[Data shown]
+++

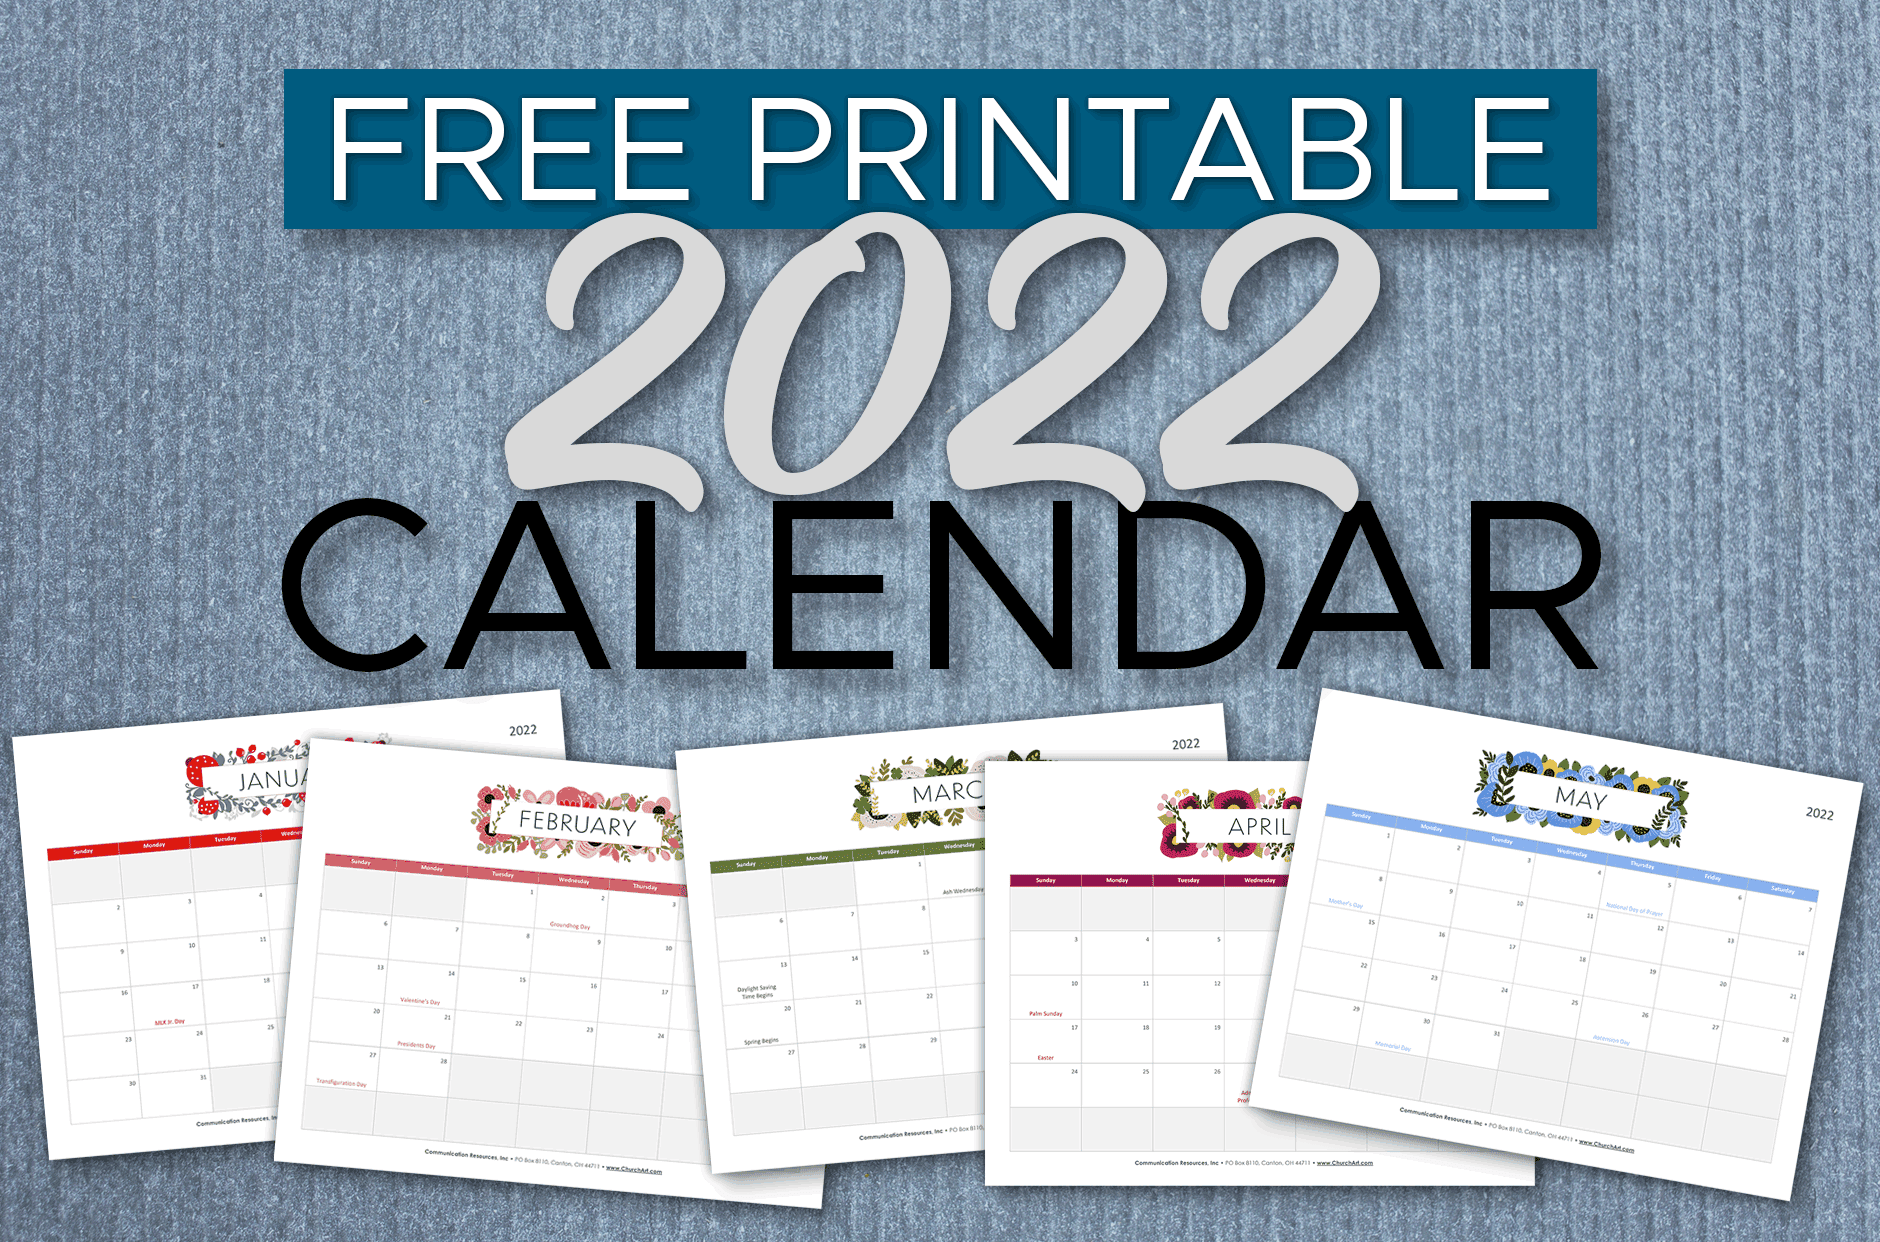 Free Blank Calendar 2022 Free Printable 2022 Church Calendar | Churchart.com Blog
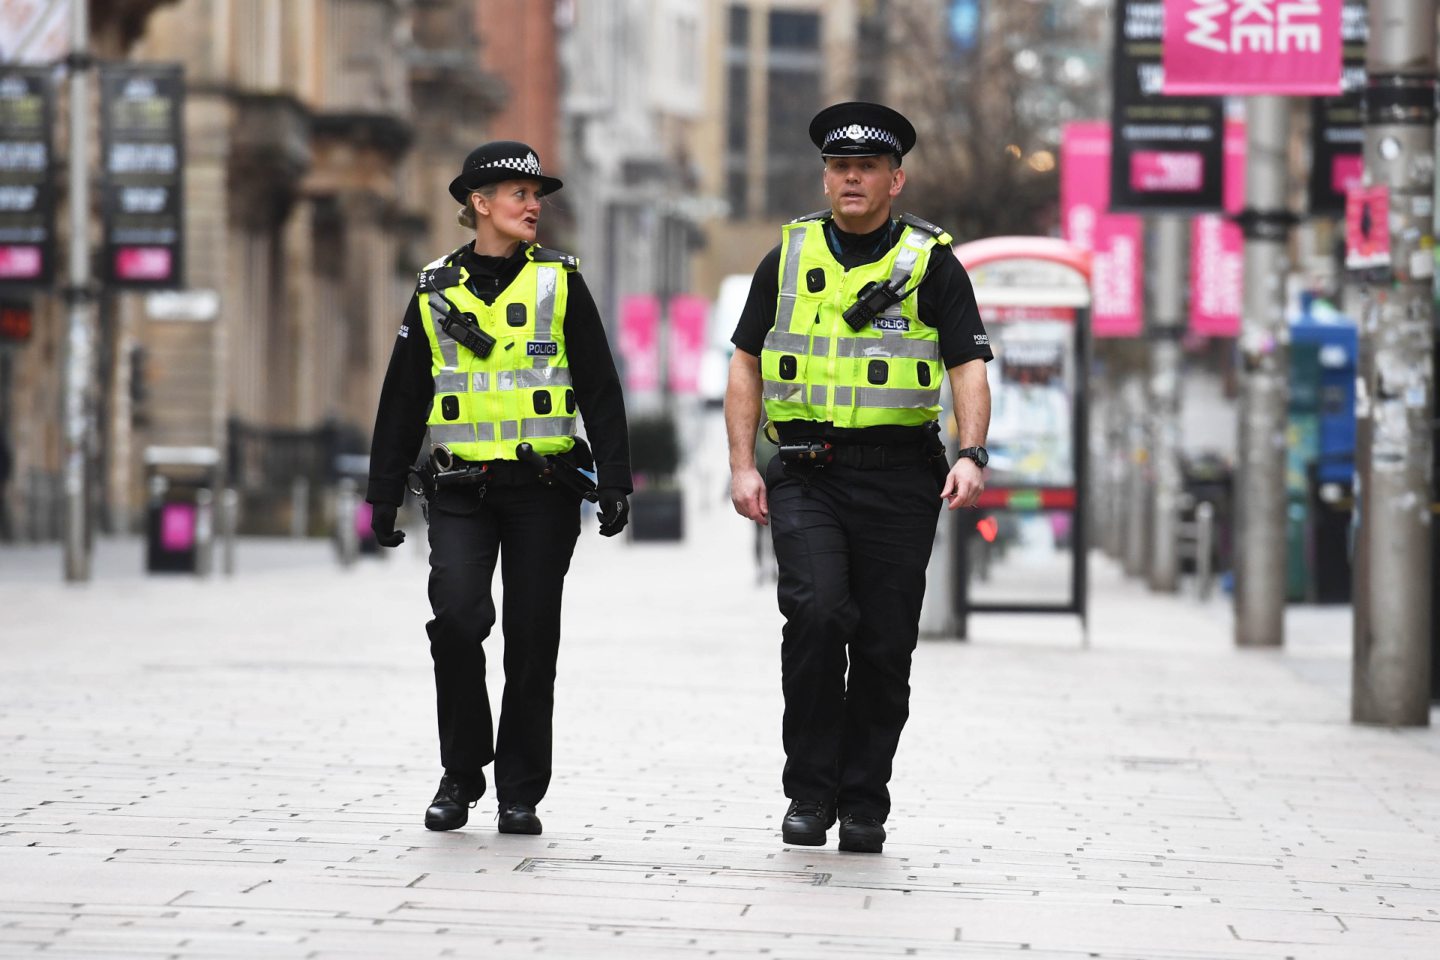 Police patrol the streets of Glasgow during the coronavirus lockdown.
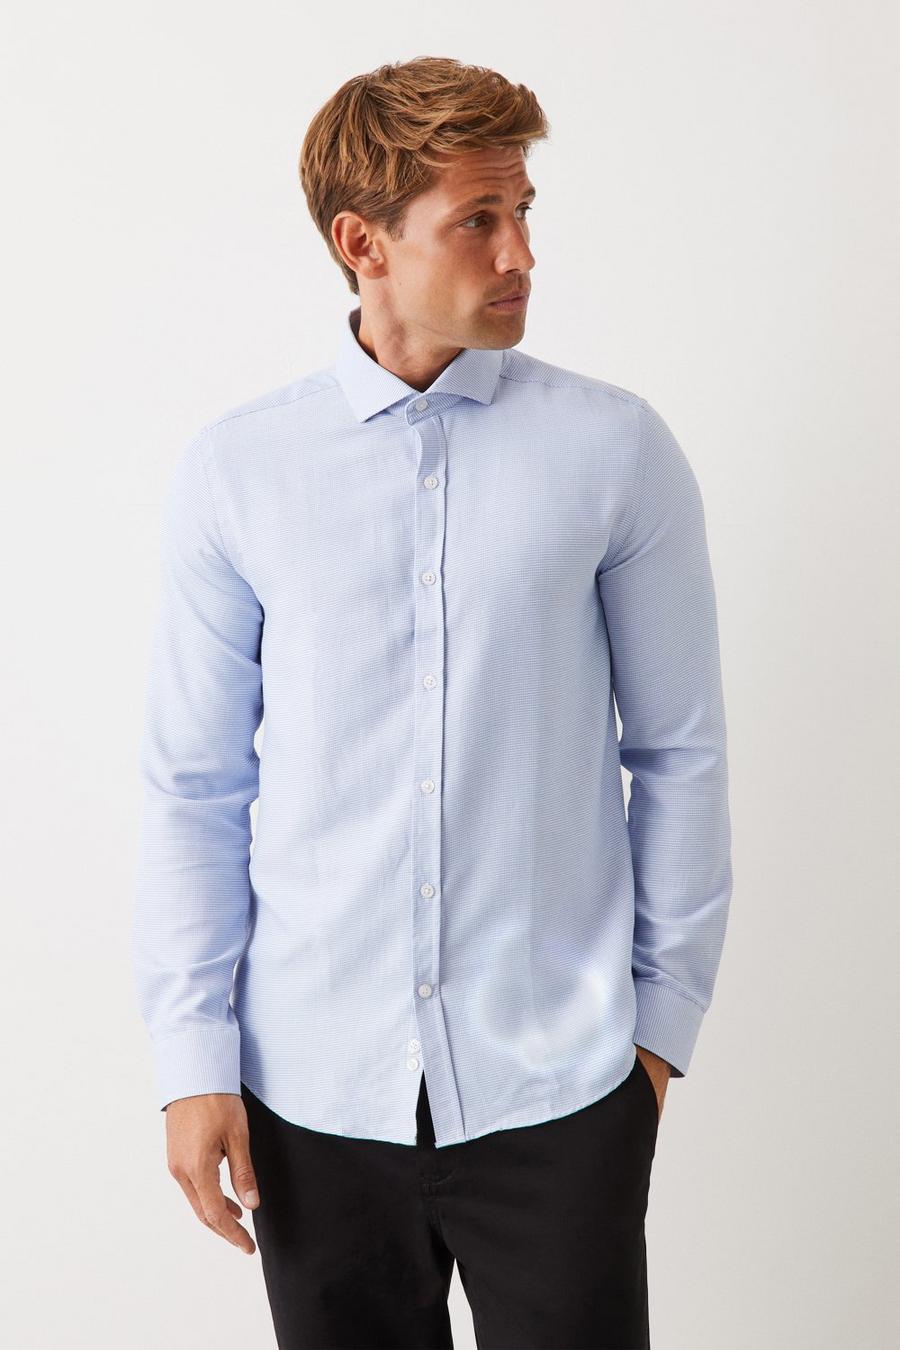 Men's Shirts | Smart, Casual, & Formal Shirts | Burton UK

+++

[To do] Output a faithful copy of the data, with each picture left out.

[Finished task]
 Free Blank Calendar 2022 Free Printable 2022 Church Calendar | Churchart.com Blog
 Police patrol the streets of Glasgow during the coronavirus lockdown.
 Men's Shirts | Smart, Casual, & Formal Shirts | Burton UK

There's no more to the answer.